Die Rosen blühen bis mindestens 2021

Lüneburg. Es ist der 6. November 2006, ein angenehmer Herbst-Montag. Dennoch schalten 1,4 Millionen Zuschauer um 14.10 Uhr das Erste ein, hören „This is my life“ von Joanna Zimmer, Titelsong der neuen Telenovela „Rote Rosen“ – Beginn einer Erfolgsgeschichte. Und die scheint nicht enden zu wollen: Nun hat auch das letzte Gremium der ARD einer Verlängerung um weitere 400 Folgen zugestimmt, der Vertrag mit der Produktionsfirma Studio Hamburg Serienwerft ist unterschrieben. Die Folgen 3001 bis 3400 für die Staffeln 17 und 18, die in den Studios im Industriegebiet Hafen und in der Stadt gedreht werden, laufen dann bis ins Jahr 2021.

Dabei hatte anfangs niemand mit einem derartigen Erfolg gerechnet, nicht mal die Macher selbst. Denn die hatten zunächst 100 Folgen geplant mit der Option auf 100 weitere. Doch nach tollen Einschaltquoten wurden die Verträge mit den Hauptdarstellern schnell für die zweiten 100 verlängert. Seither läuft eine Staffel jeweils über 200 Folgen, in der jeweils eine Frau in der Mitte ihres Lebens einen Wendepunkt ihrer familiären oder beruflichen Lage sieht und sich die Frage stellt: Will ich so weitermachen oder meine Lebensperspektiven ändern?

Arbeitgeber für 150 Personen

Die Rosen wurden schnell nicht nur zu einem Hit für die ARD, sondern auch zu einem millionenschweren Wirtschaftsfaktor für Lüneburg. Die Serie ist eine unbezahlbare Werbung für die Stadt, lockt Touristen in Scharen, die sich die Schauplätze der Rosen anschauen wollen – und so ganz nebenbei Geld in Hotels, Gaststätten und im Handel lassen. Es gibt von der Stadtmarketing spezielle Rosen-Führungen, die Serienwerft selbst bietet Studio-Führungen an.

Und dann ist da noch die Produktionsfirma selbst. Produzent Emmo Lempert kann keine konkrete Zahl nennen, sprach aber 2012 für die ersten sechs der inwzischen zwölfeinhalb Rosen-Jahre inklusive Startinvestitionen von deutlich mehr als 100 Millionen Euro: „Ein Anteil von bis zu einem Drittel bleibt direkt in der Region.“

Die Rosen sind ein großer Arbeitgeber, beschäftigen in ihren Studios im Industriegebiet Hafen rund 150 Mitarbeiter, von den Schauspielern bis hin zu den Kabelträgern. Auch die wohnen größtenteils in Lüneburg, zahlen hier ihre Miete, kaufen hier ein.

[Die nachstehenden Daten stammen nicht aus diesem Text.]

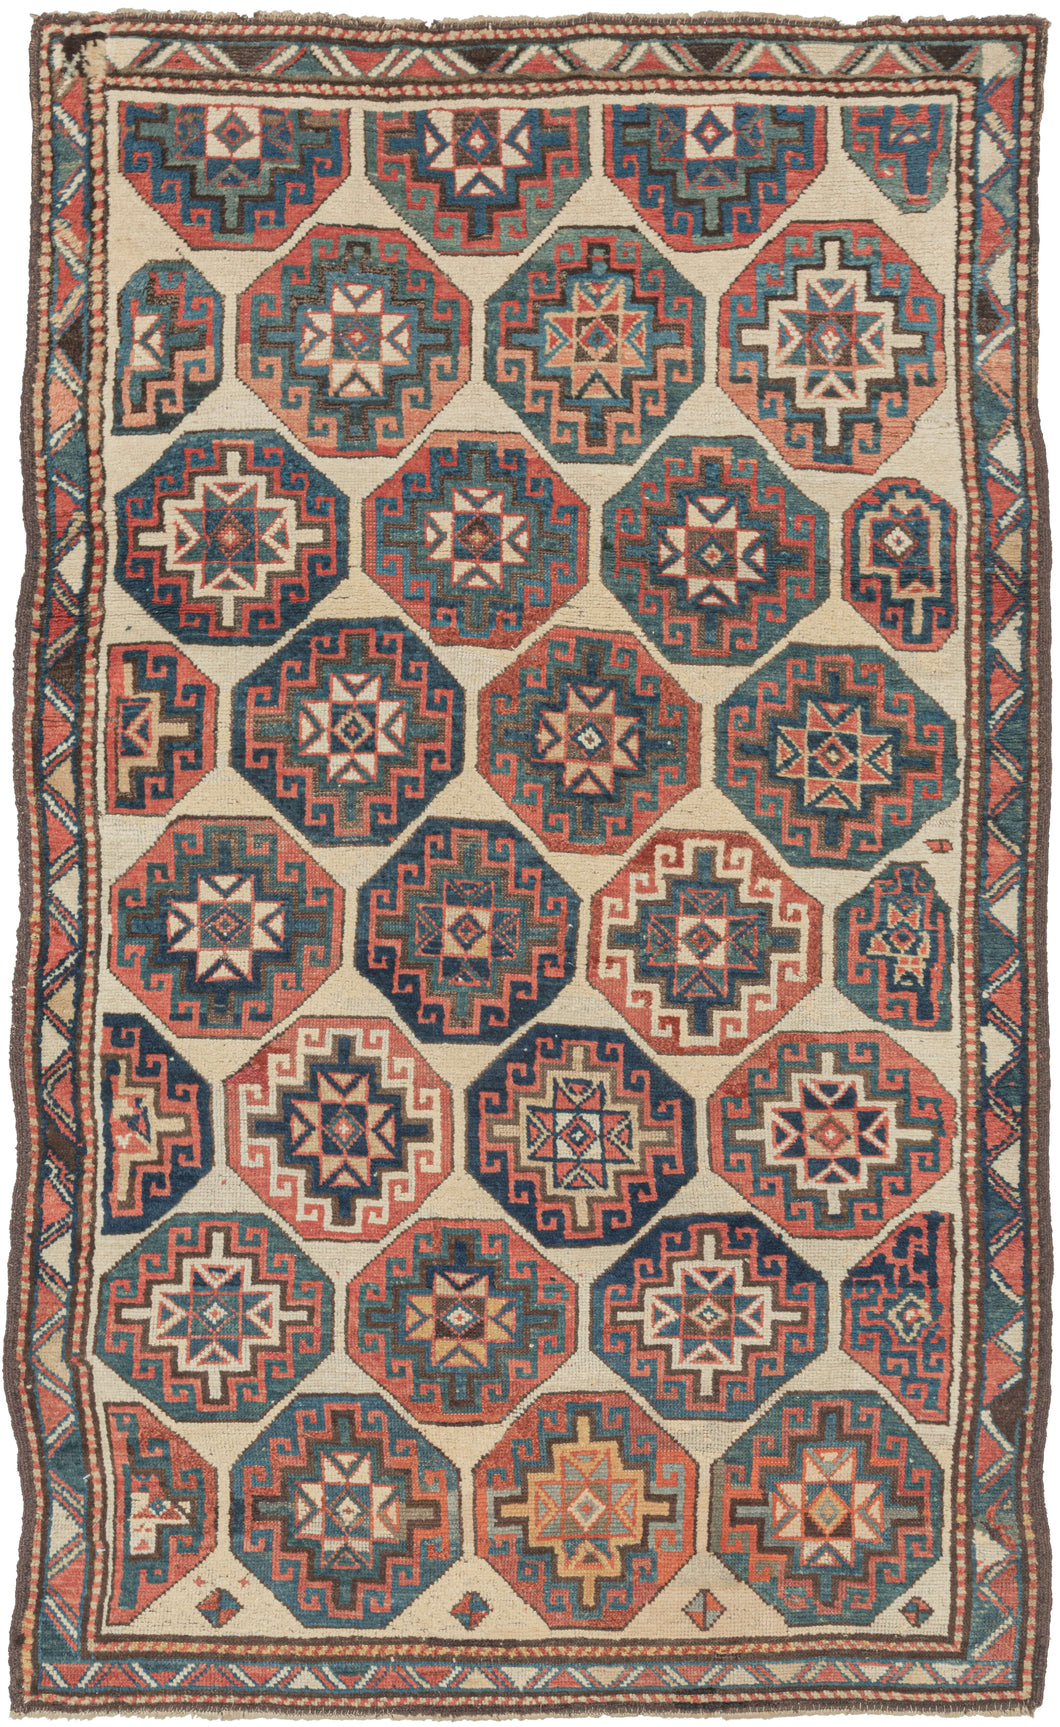 Antique Caucasian Kazak rug featuring offset Memling guls in primary colors of red, blue, and yellow on a soothing ivory ground and framed by an interlocking sawtooth border. Some guls become distorted as these reach the edges. Gentle abrash, wonderful spacing, a pleasing palette, and just enough wonkiness make this a very satisfying piece.

Aktuell läuft die 16. Staffel mit Hauptdarstellerin Gerit Kling, oft mehr als 1,5 Millonen Zuschauer sehen die Erstaustrahlung einer Folge. Im August wird die 3000. Folge im Kasten sein, das wird groß mit aktuellen und ehemaligen Stars und weiteren prominenten Gästen gefeiert.